Segundo Ben Meir, "representam uma porcentagem insignificante, de menos de 1% da população".
"Há duas pequenas comunidades em Nova York, nos Estados Unidos, e em Toronto, no Canadá, e talvez 2 mil ou 3 mil pessoas em Israel."
Diferentes visões
Se os grupos que se opões às ações israelenses em Gaza são pouco numerosos, eles apresentam uma variedade de soluções que acreditam ser adequadas para resolver o conflito.
"Temos que abrir a fronteiras, permitir que as pessoas trabalhem, consigam alimentos e outras mercadorias", diz o ex-soldado Eran Efrati. "(Precisamos) dar a eles o controle de seu mar, de entrar e sair à vontade, e então poderíamos esperar algum tipo de processo de paz."
Sydney Levy, da organização americana Voz Judía pela Paz, avalia que "o mais importante obviamente é um cessar-fogo".
"Mas isso não é suficiente.
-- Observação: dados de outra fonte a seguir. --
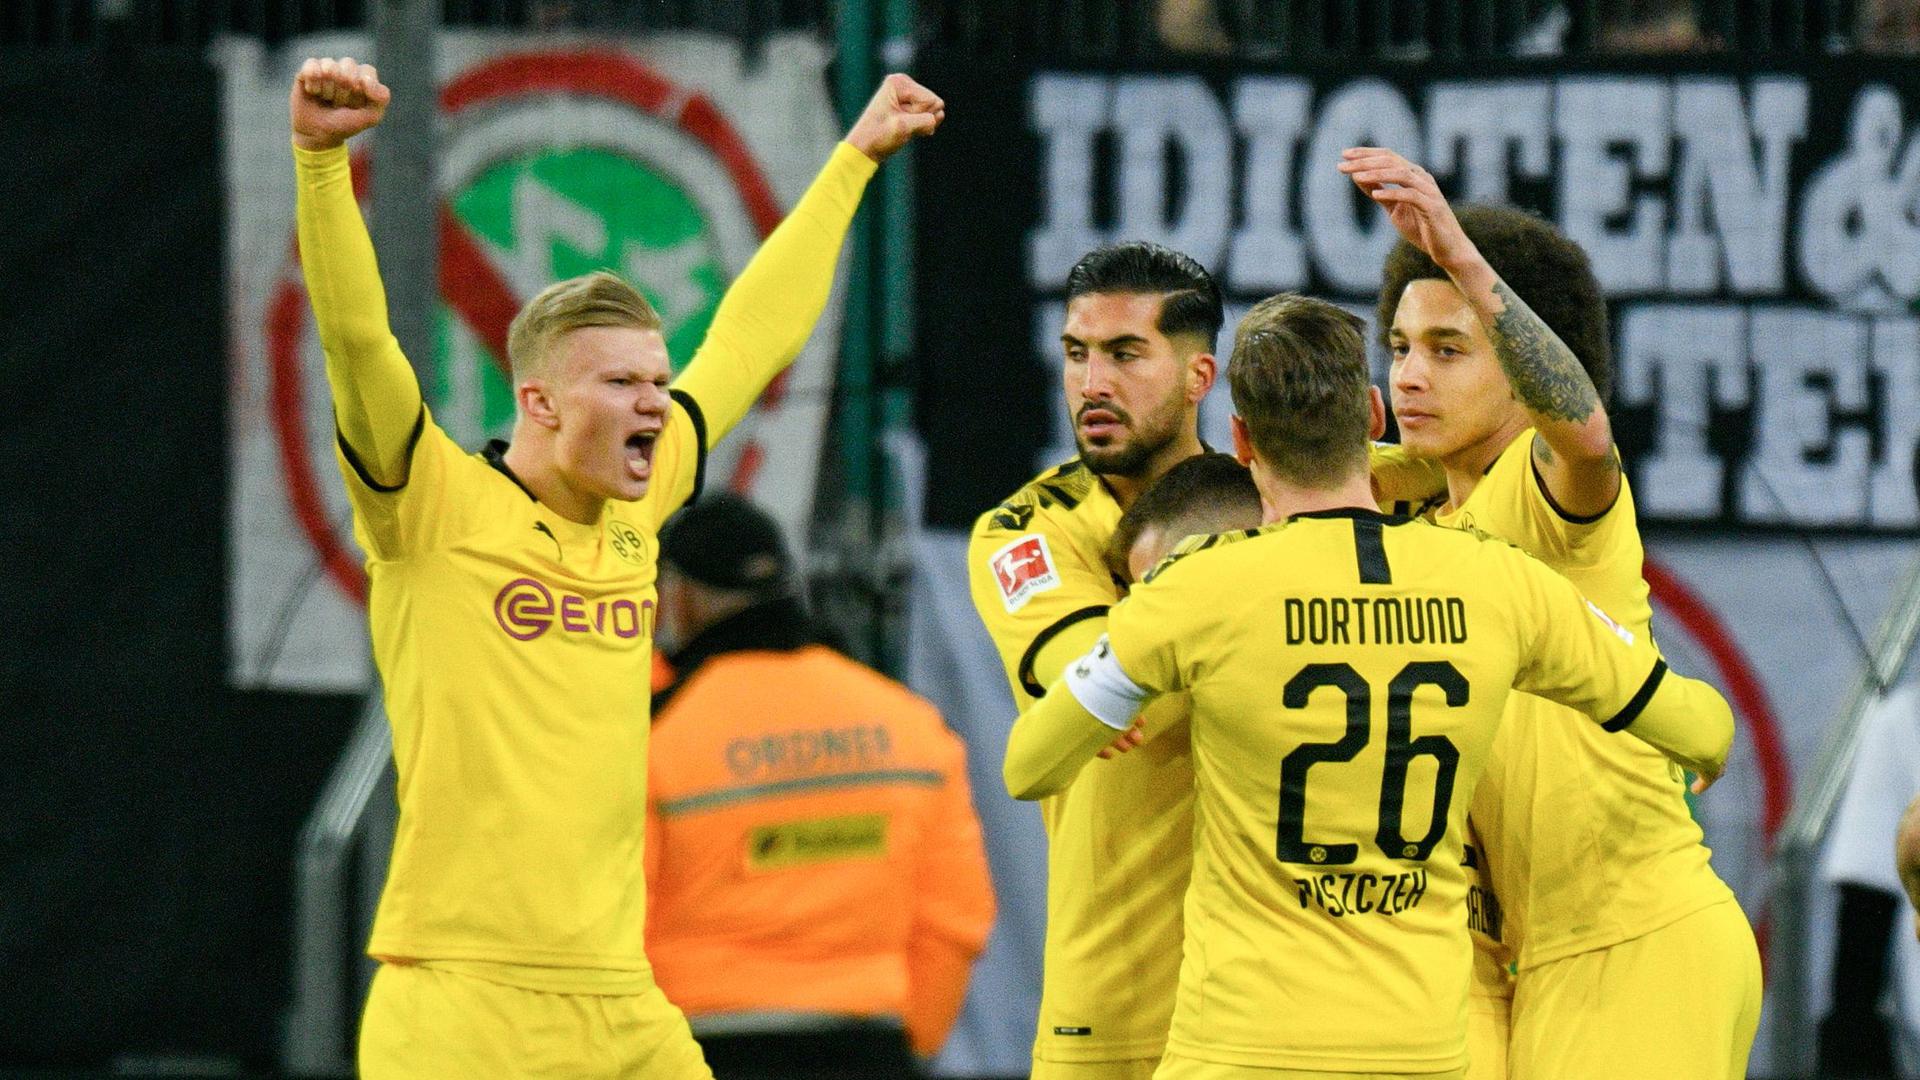 Gehalt Borussia Dortmund

Precisamos acabar com a ocupação israelense em Gaza, libertar os presos políticos e criar condições básicas para a igualdade e para os direitos humanos."
Levy está de acordo com o governo do primeiro-ministro Benjamin Netanyahu quanto ao direito de Israel de defender seus cidadãos, mas acrescenta que "os palestinos também" estão no mesmo direito.
Nem todos os israelenses apoiam a ação de seu país, mas eles são minoria
Glyn Secker, diretor do grupo britânico Judeus pela Justiça para os Palestinos disse à BBC que a possibilidade de existirem dois Estados, um israelense e outro palestino, é aceita por 67% da população de Israel.
"Claro que existem discussões difíceis sobre os limites destes dois Estados, mas há uma base para um acordo negociado", afirmou.
Já Maya Wind acredita que a solução de dois estados não é viável.
"A Cisjordânia já tem um milhão de colonos judeus e ninguém os tirará de lá. Enquanto isso, cerca de 20% da população israelense são palestinos com cidadania: é impossível separá-los", argumenta.
"O que buscamos é uma democracia de verdade, na qual palestinos e israelenses tenham os mesmos direitos e cidadania em um Estado unificado."